--- Provided entries ---

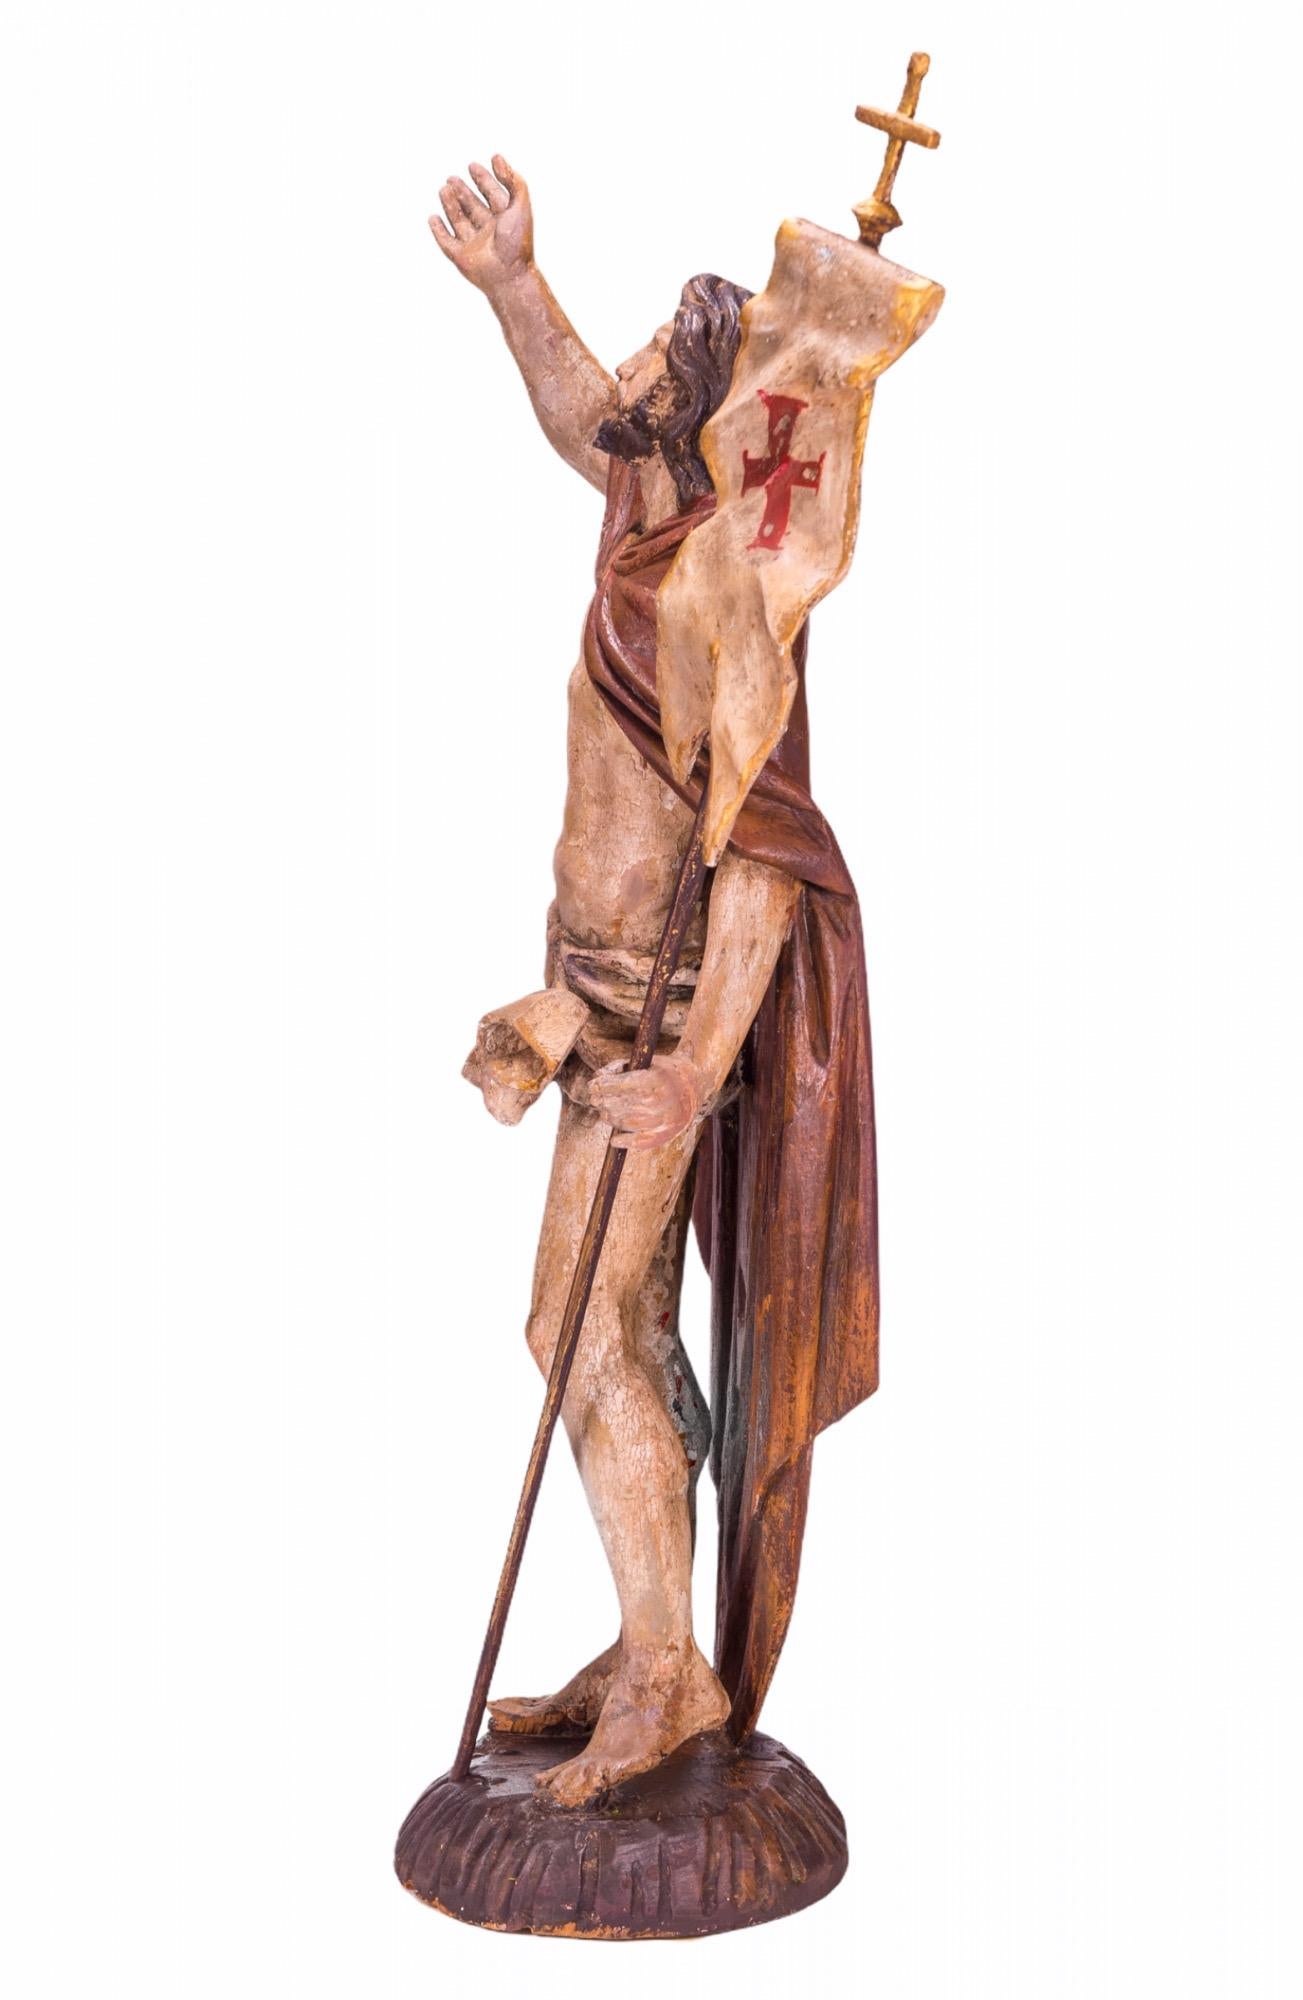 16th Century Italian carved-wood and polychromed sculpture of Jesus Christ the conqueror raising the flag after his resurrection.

---
--- Provided entries ---

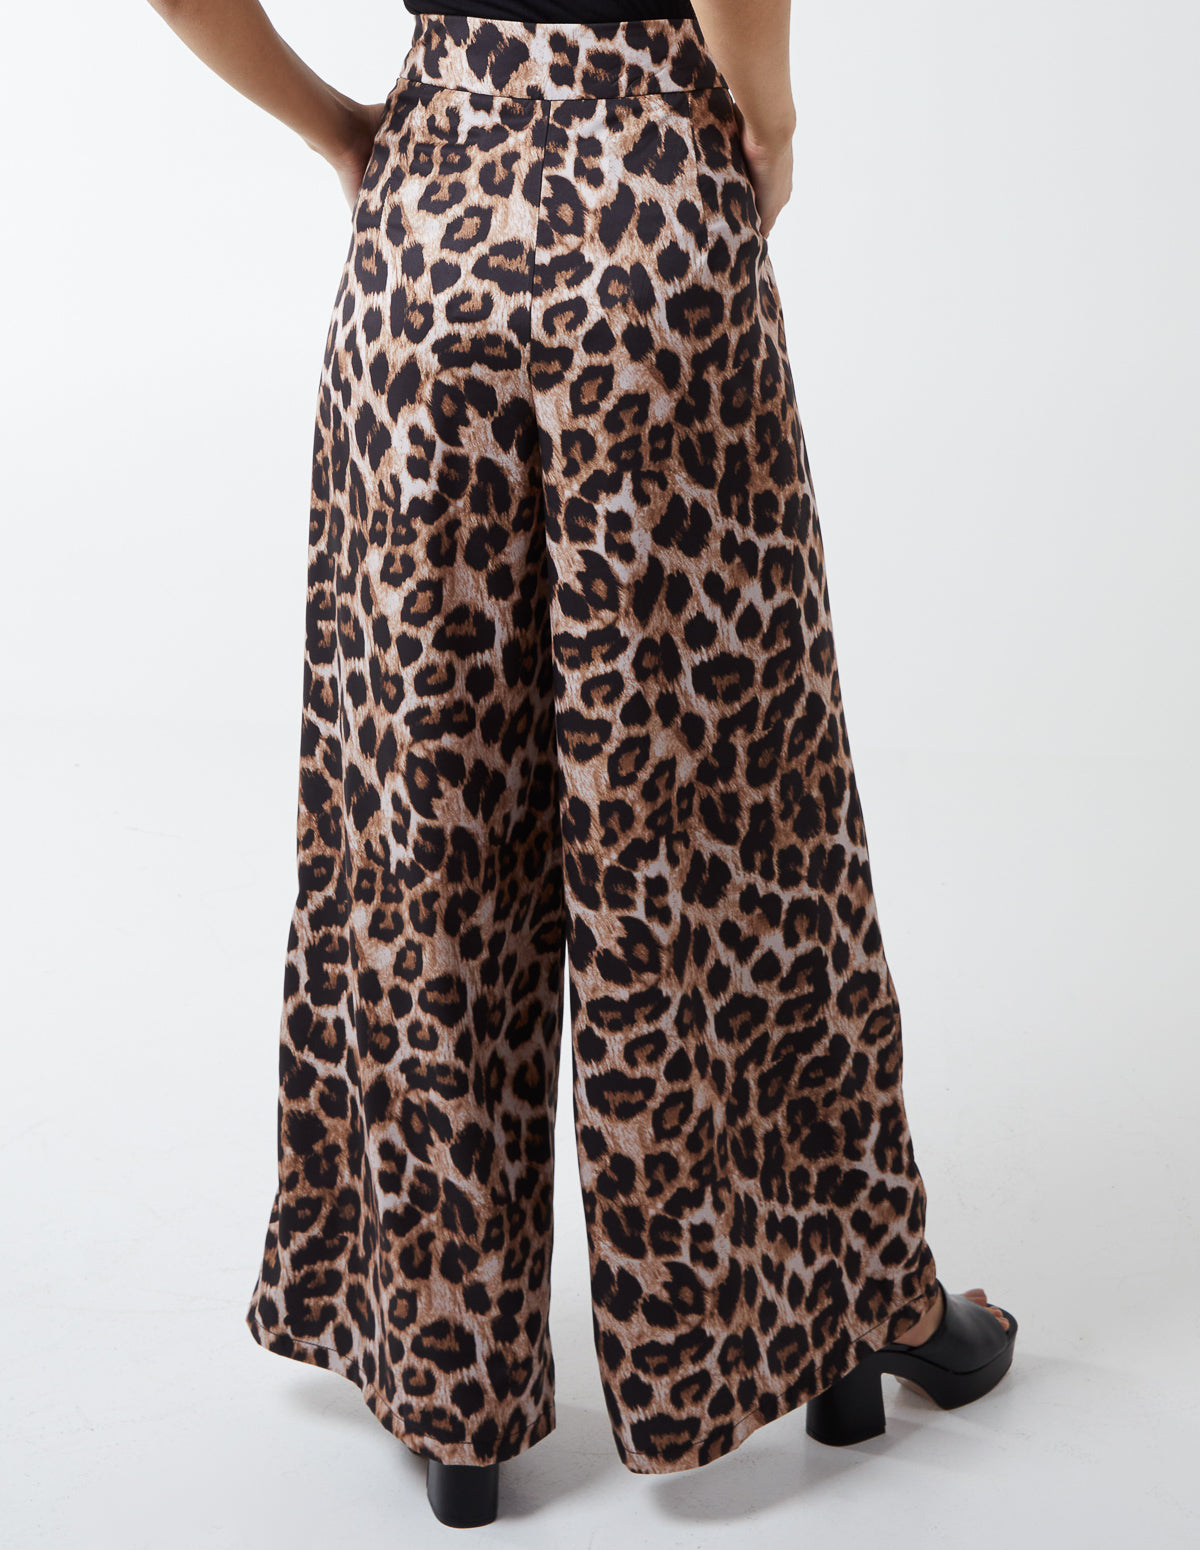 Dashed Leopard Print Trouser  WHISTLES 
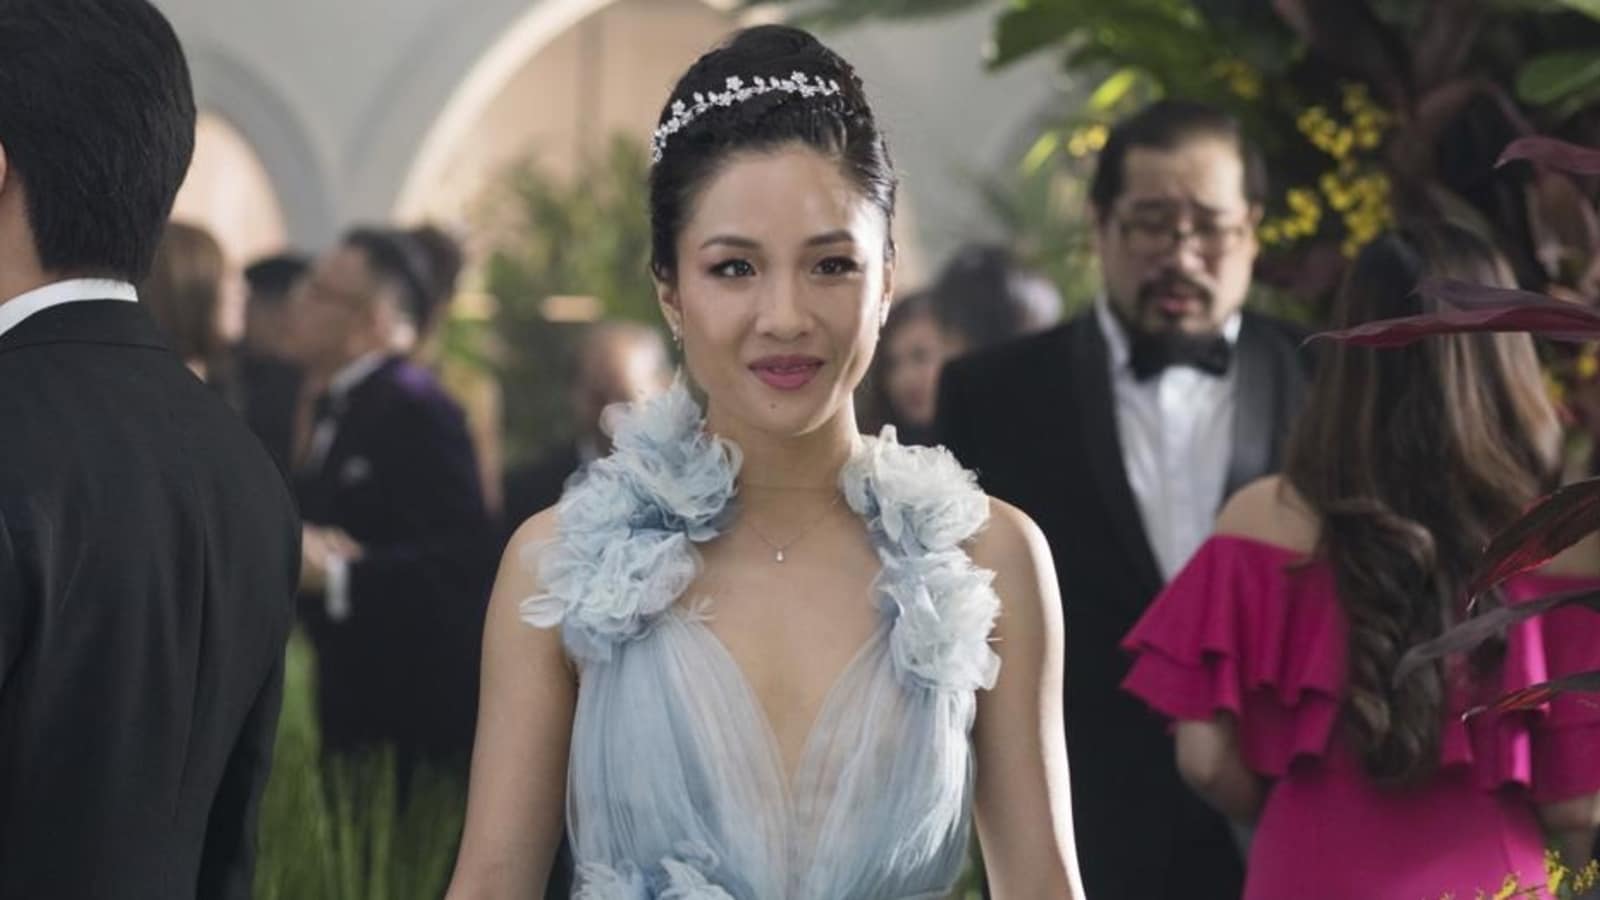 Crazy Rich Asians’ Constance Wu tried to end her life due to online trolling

---
--- Provided entries ---

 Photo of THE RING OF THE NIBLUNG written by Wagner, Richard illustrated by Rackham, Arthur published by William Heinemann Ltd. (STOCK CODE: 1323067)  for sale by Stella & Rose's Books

---

### Assigned task
Would you please reproduce the entries above, starting at the line with "Dashed Leopard Print" and stopping after the line with "Crazy Rich Asians’"? Omit any pictures.

### Exercise output
 Dashed Leopard Print Trouser  WHISTLES 
 Crazy Rich Asians’ Constance Wu tried to end her life due to online trolling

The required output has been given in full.